Updated: May 6
It is said that you cannot be what you cannot see. I would also add that those who are not seen or heard are not believed. The Covid-19 pandemic has shined a new light on an incredibly old, yet pervasive problem in America. A problem that black and brown communities have routinely and historically felt and expressed, but are consistently not believed, even in the face of supporting data. It is a problem that motivated me to start a healthcare recruitment firm focused on the placement of diverse and underrepresented medical providers.
It is a problem that has also motivated me to be outspoken on such matters because for those marginalized communities, it can be matter of life and death. As an African- American male who is also a husband, father, brother, son, and CEO, I am here to say, yet again, that the problem is not the data. The problem is systemic racism.
For those still in doubt, it is important to note that you do not actually have to be a racist to contribute to systemic racism. However, the denial of its existence should give you some pause. Furthermore, organizations cannot simply “Chief Diversity Officer” their way out of this problem. For those who feel this is a topic we should simply “get over,” I would like to share my personal experience. The cost of being an entrepreneur of color also means that business, at some point, will intersect with socioeconomic issues that matter to and affect people who look like me or carry similar shared life experiences.
If you enjoy any success at all, it will also intersect with powerful and influential people. People who may not share your experiences, but are in key positions to determine whether or not to provide information, resources, investments, and contacts that can help grow businesses run by people of color, especially during crisis moments like a pandemic.
When it is said that minority-owned businesses often fair worse compared to their white counterparts, it is not that the former has any less work ethic. Nor do we curry favor to the over-utilization of the “race” card, as many will sadly assume. It is simply that systemic racism in America exists. Unfortunately, many individuals choose not to see it and therefore disregard the unique experiences of black and brown people living in America.

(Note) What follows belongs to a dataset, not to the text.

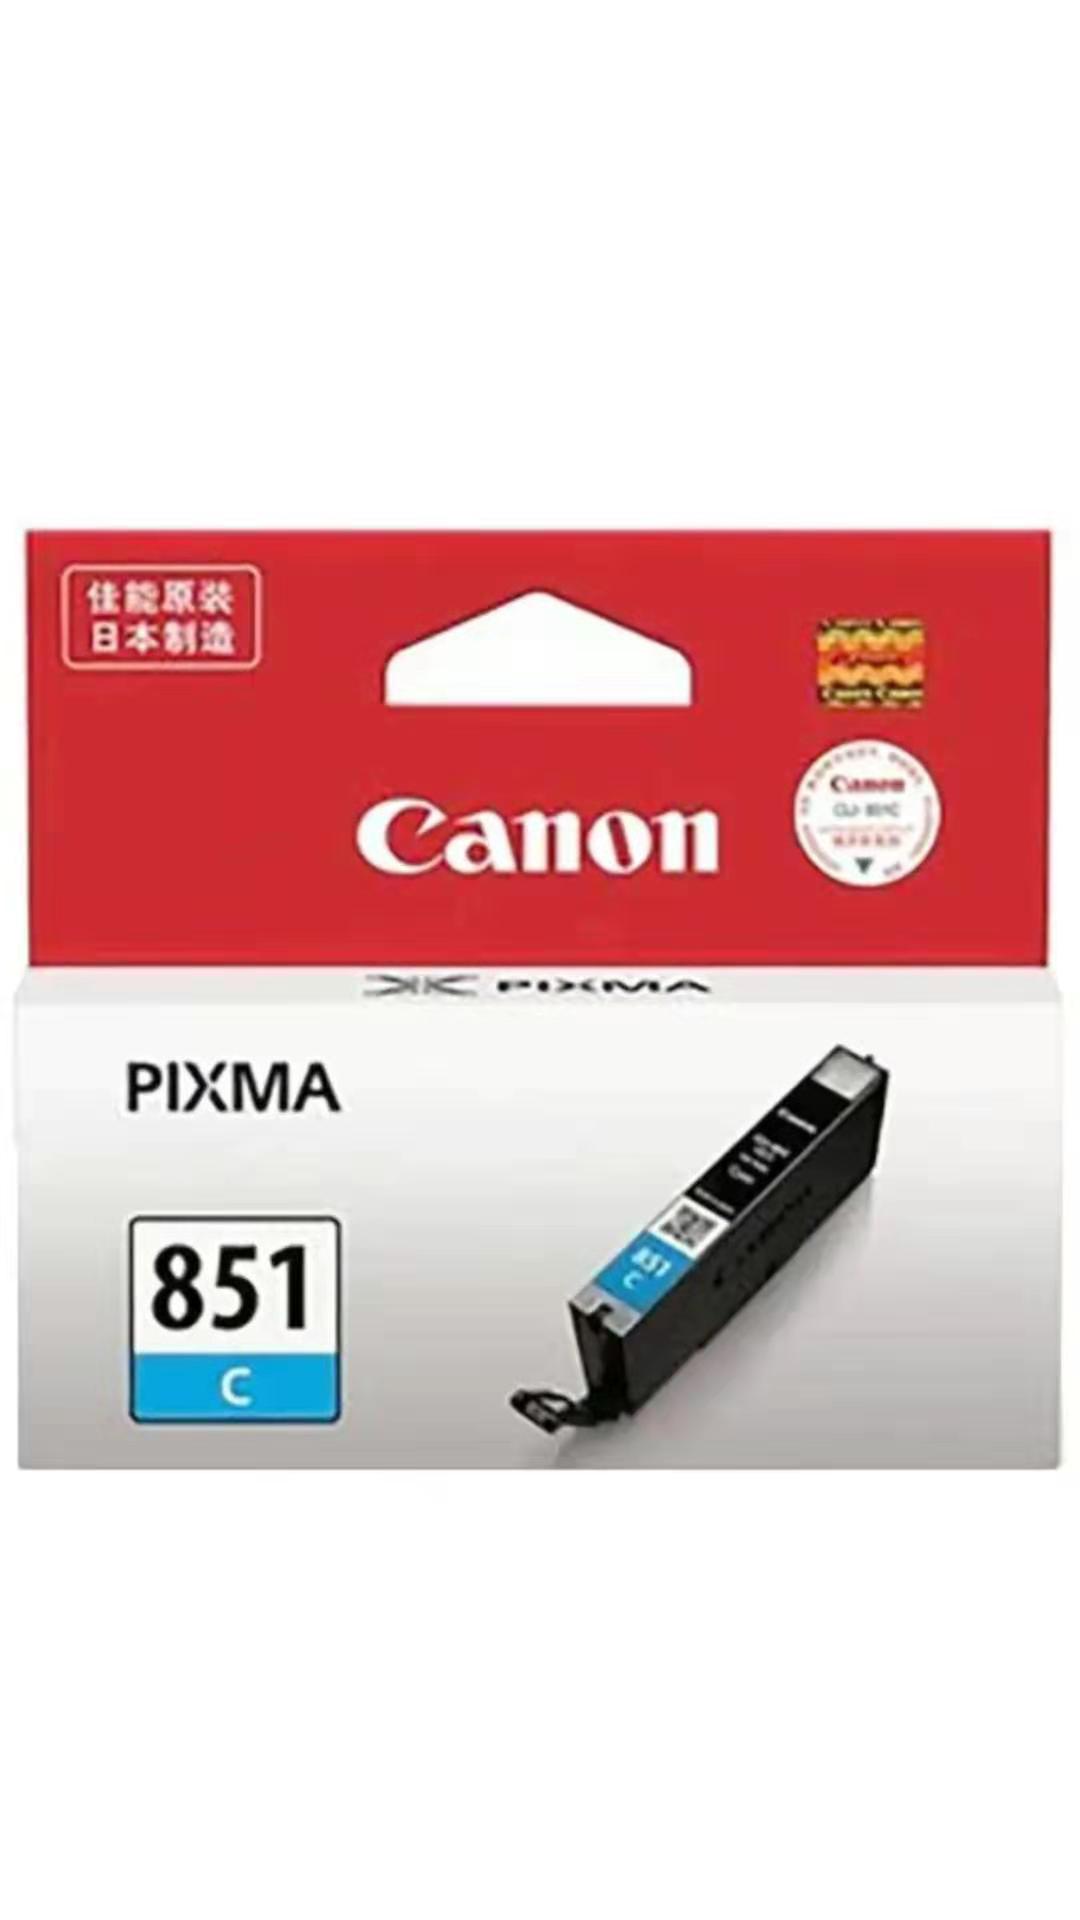 佳能CLI-851C青色墨盒适用于佳能7280彩色打印机_http://www.zhongqingyang.cn/img/images/C201907/1563181146231.jpg

Unfortunately, this usually results in the disregard and silencing of their voice. And while there are ample historical examples of notable black and brown figures pushing boundaries and exhibiting excellence as well as "model minorities" who are often strategically selected and weaponized to shadow the experiences and treatment of other minorities, race will matter until it does not.
Race, gender, as well as ethnicity are still factors used to this day to deny the larger percentage of black and brown business owners and professionals the same access and opportunities to succeed as their white counterparts. And, because there are inequities in every corner of our society, we must expect them to also bleed into our healthcare system, with some receiving substantially better care and access than others. We must consider the social determinants of health when we assess a human being’s healthcare. It is about human rights as well as it is about common sense.
You do not need more data to prove that fundamental truth. You do, however, need to care enough to create necessary systemic changes as well as believe black and brown people when we speak out about our unique past and present experiences interacting with the healthcare system. It is worth noting that all evidence has pointed to decades worth of research and data stating that the United States would be unprepared for a global pandemic.
Yet, here we are dealing with a global pandemic amidst the political hijacking of our public health system which has ultimately put more lives at risk. When will we learn?
Sometimes the truth can be offensive but let us be honest with ourselves here. We can no longer have conversations about the disproportionate effects of Covid-19 without acknowledging, discussing and ultimately working towards eliminating the pervasiveness and ubiquity of racism in our healthcare system.
If we continue to keep kicking the can down the road on these matters, things will never change, the social determinants of health that lead to disparities will remain, and black and brown people will continue to be an afterthought.
While the data is critical, we must not run away from the racism. As someone who recruits medical providers of color, I have often found that it is the data that inspires their work but the racism that inspires their exit.
As governments and leaders around the country make preparations to re-open their cities and towns and as people envision a new normal, we must also make plans to heal our broken and devastated healthcare system, and make changes today that will ensure better health outcomes for black and brown communities tomorrow.